— EXERCISE DETAILS —
Reproduce the listing exactly. Omit pictures.

— SOURCE DATA —
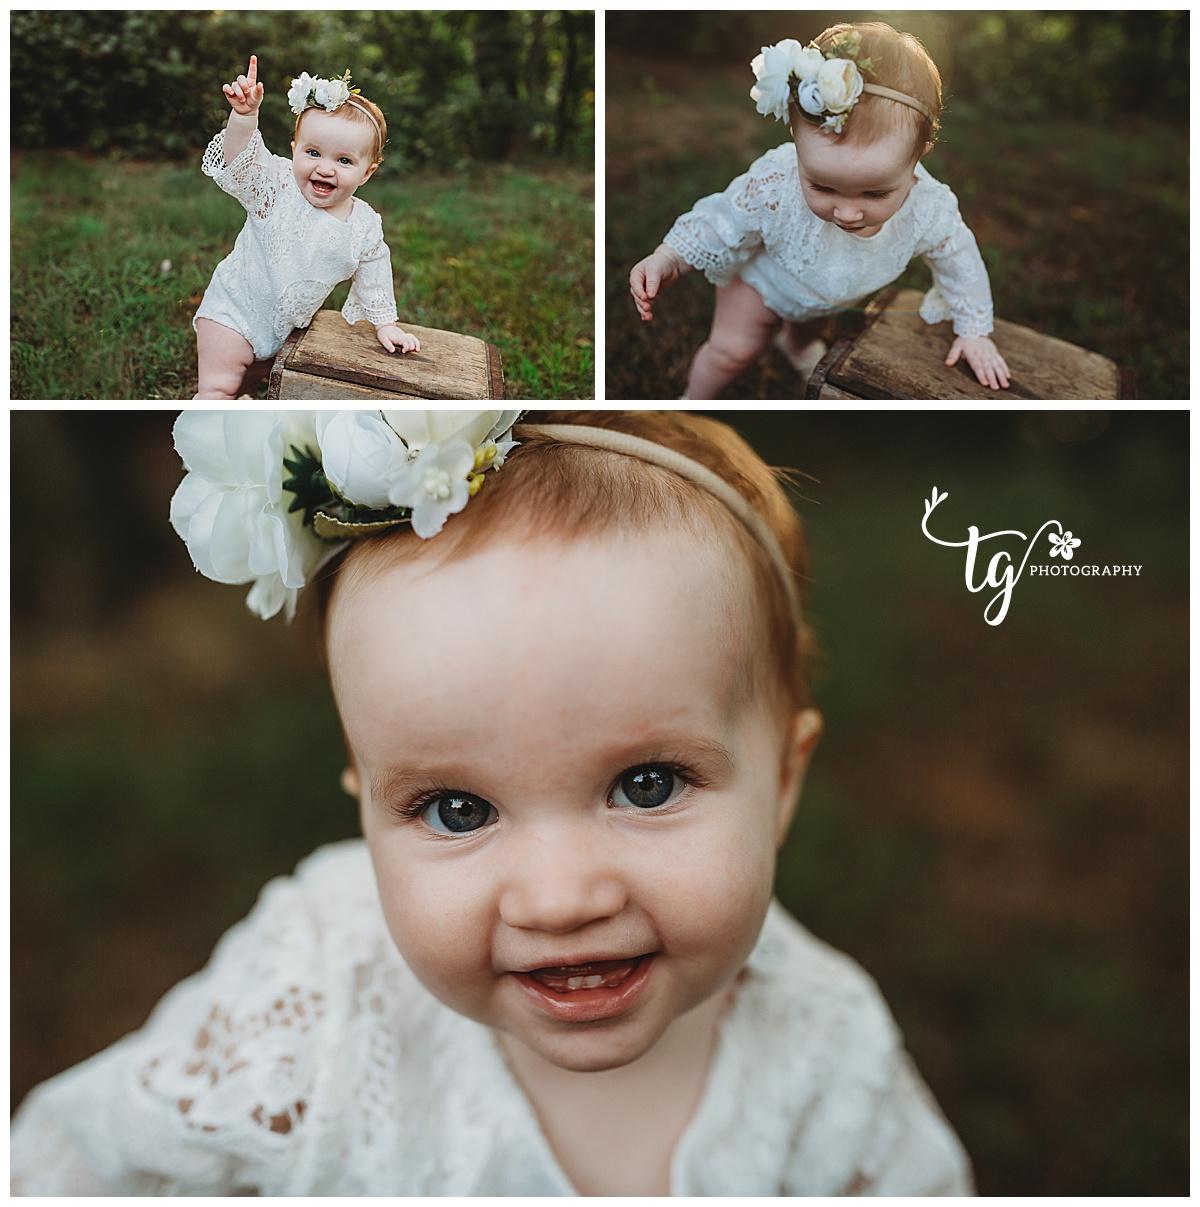 photographer for first birthday photos
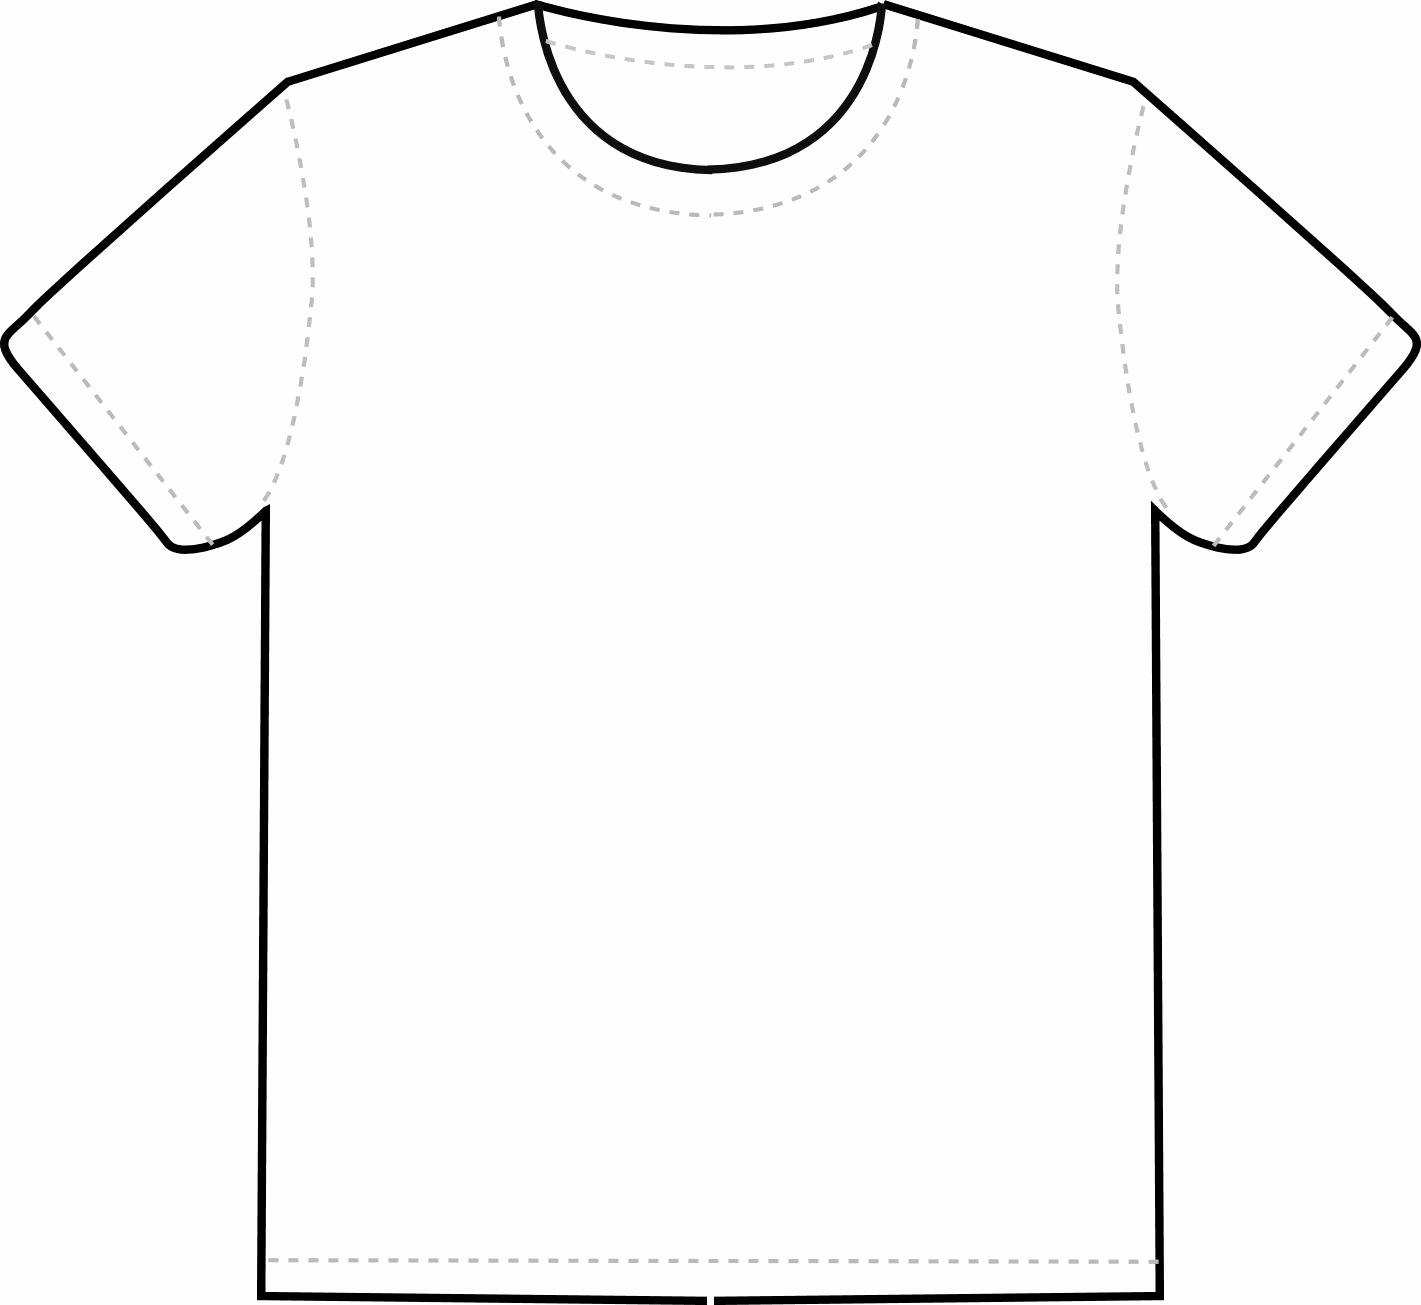 Free T Shirt Template Beautiful T Shirt Outline Clipart Clipart Best Clipart Best
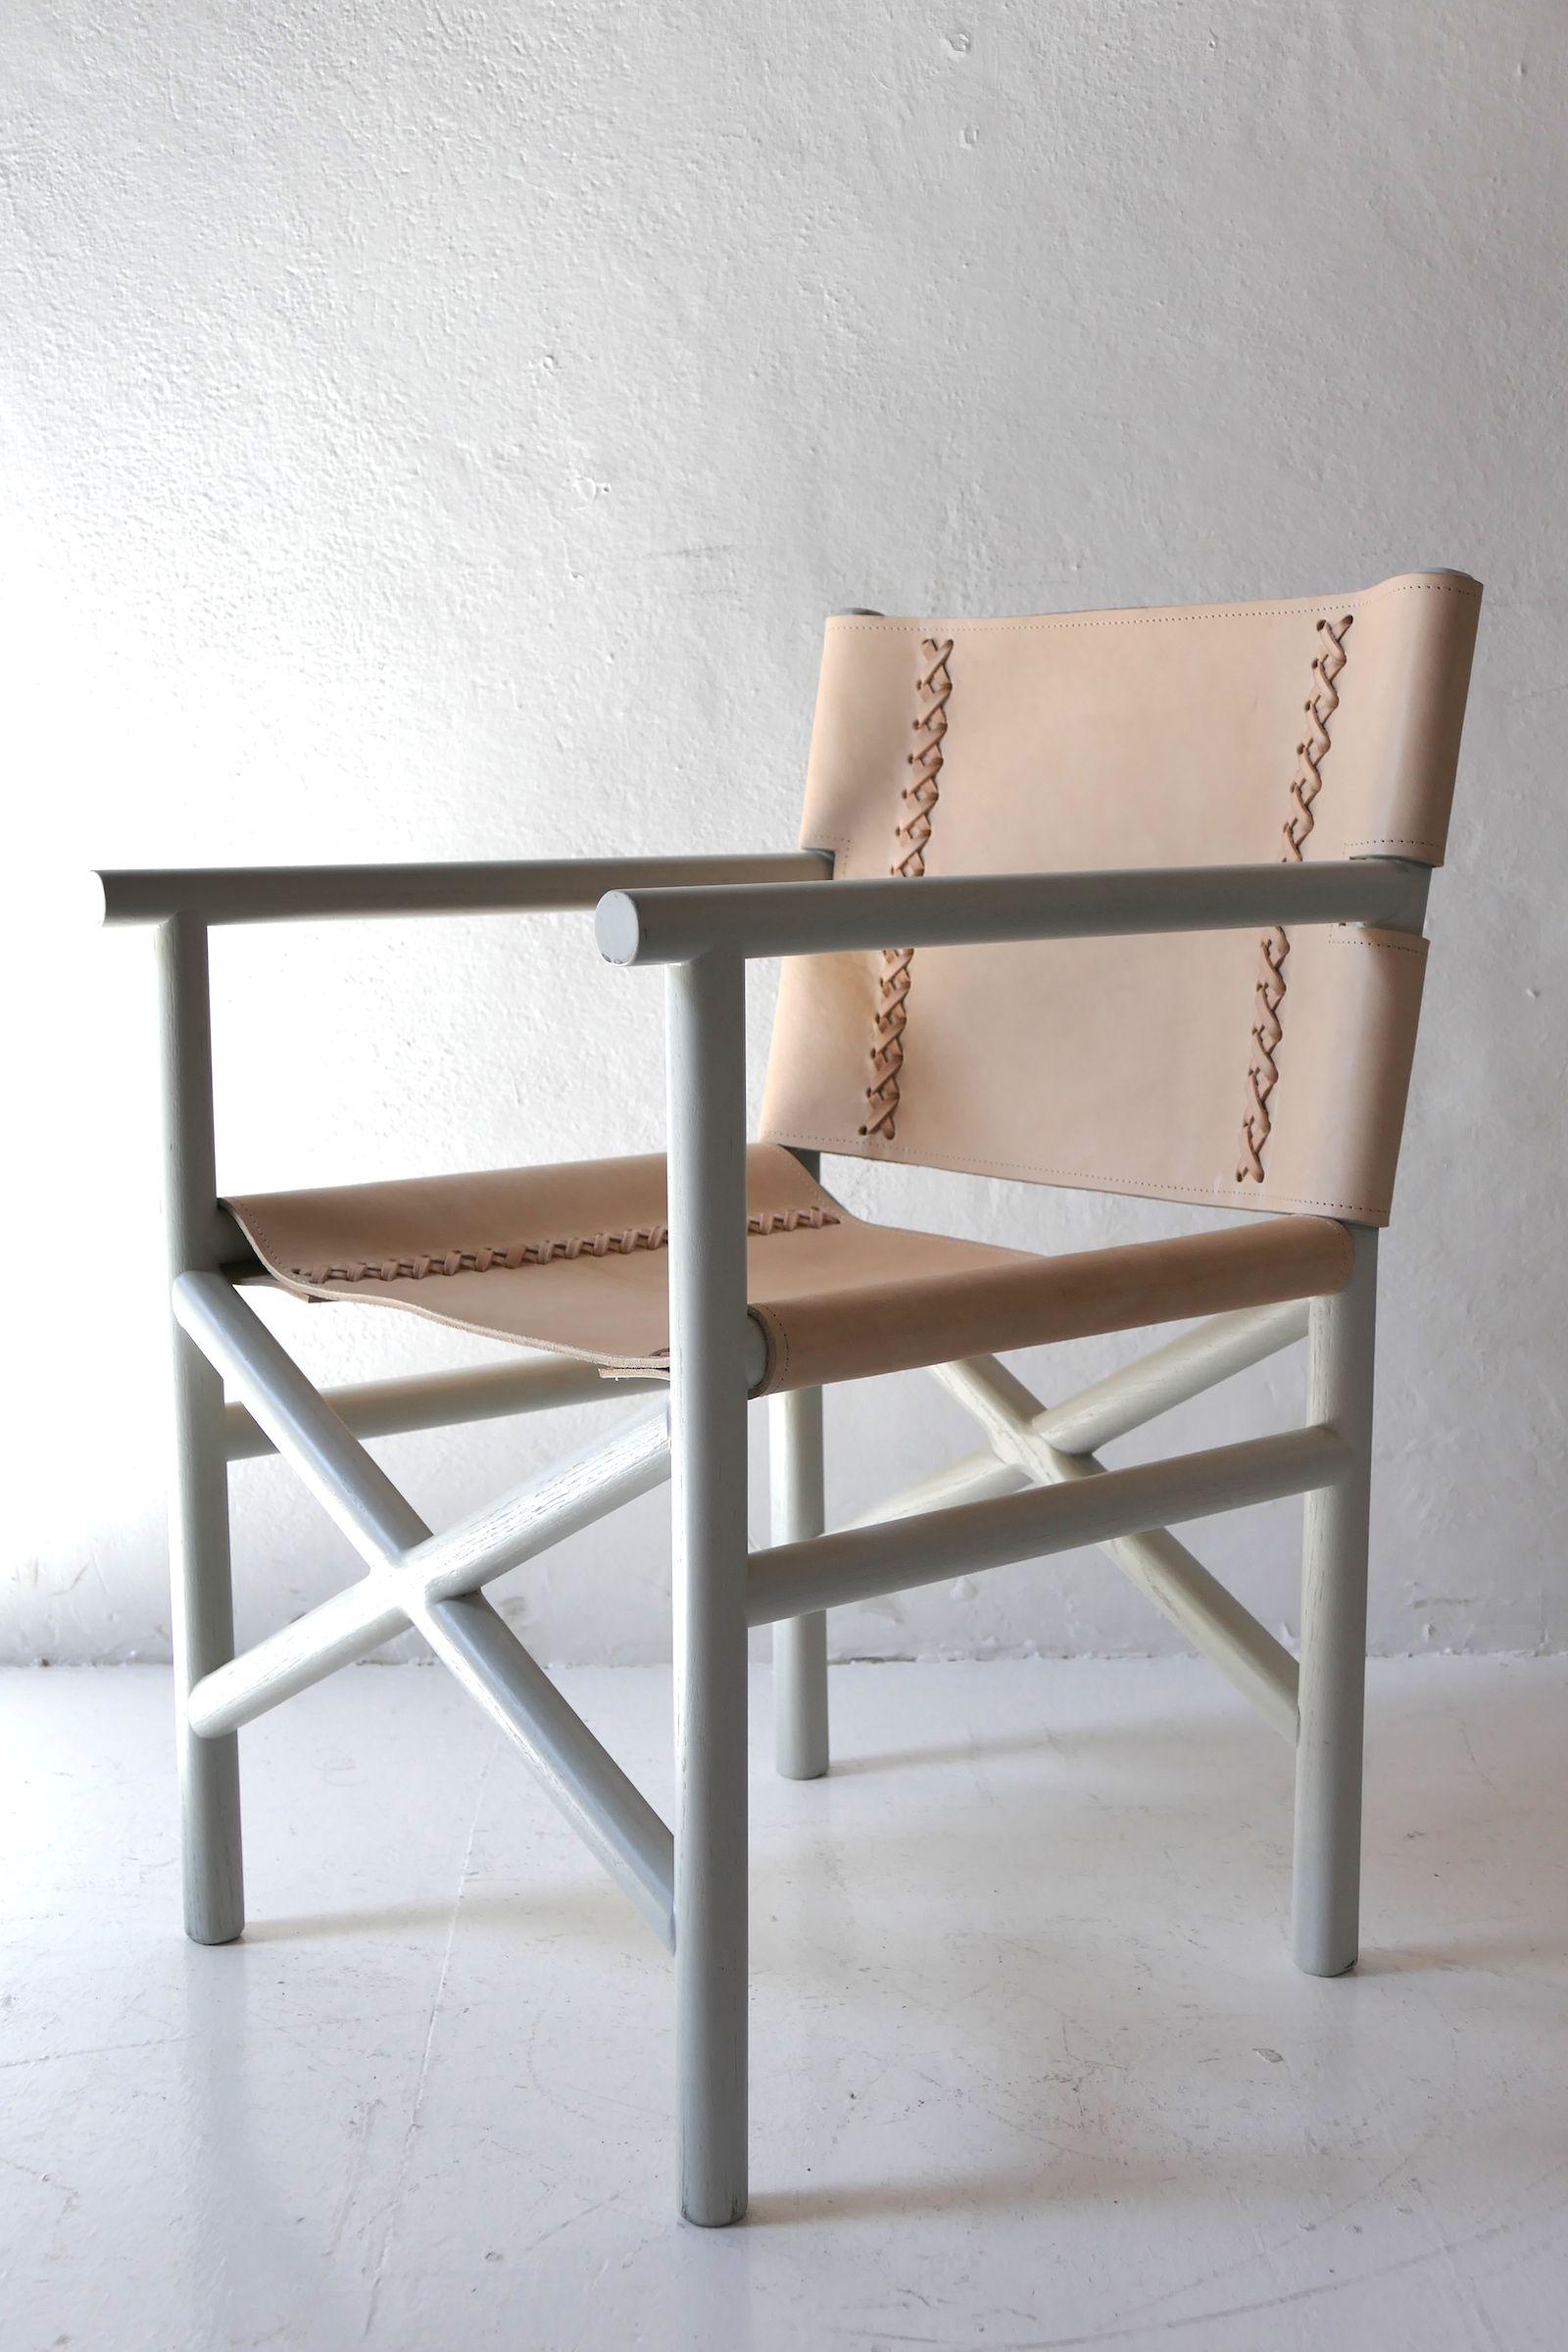 casamidi olivier saddle leather armchair single chairs rh pinterest com

— SOLUTION TO THIS PROBLEM —
 photographer for first birthday photos
 Free T Shirt Template Beautiful T Shirt Outline Clipart Clipart Best Clipart Best
 casamidi olivier saddle leather armchair single chairs rh pinterest com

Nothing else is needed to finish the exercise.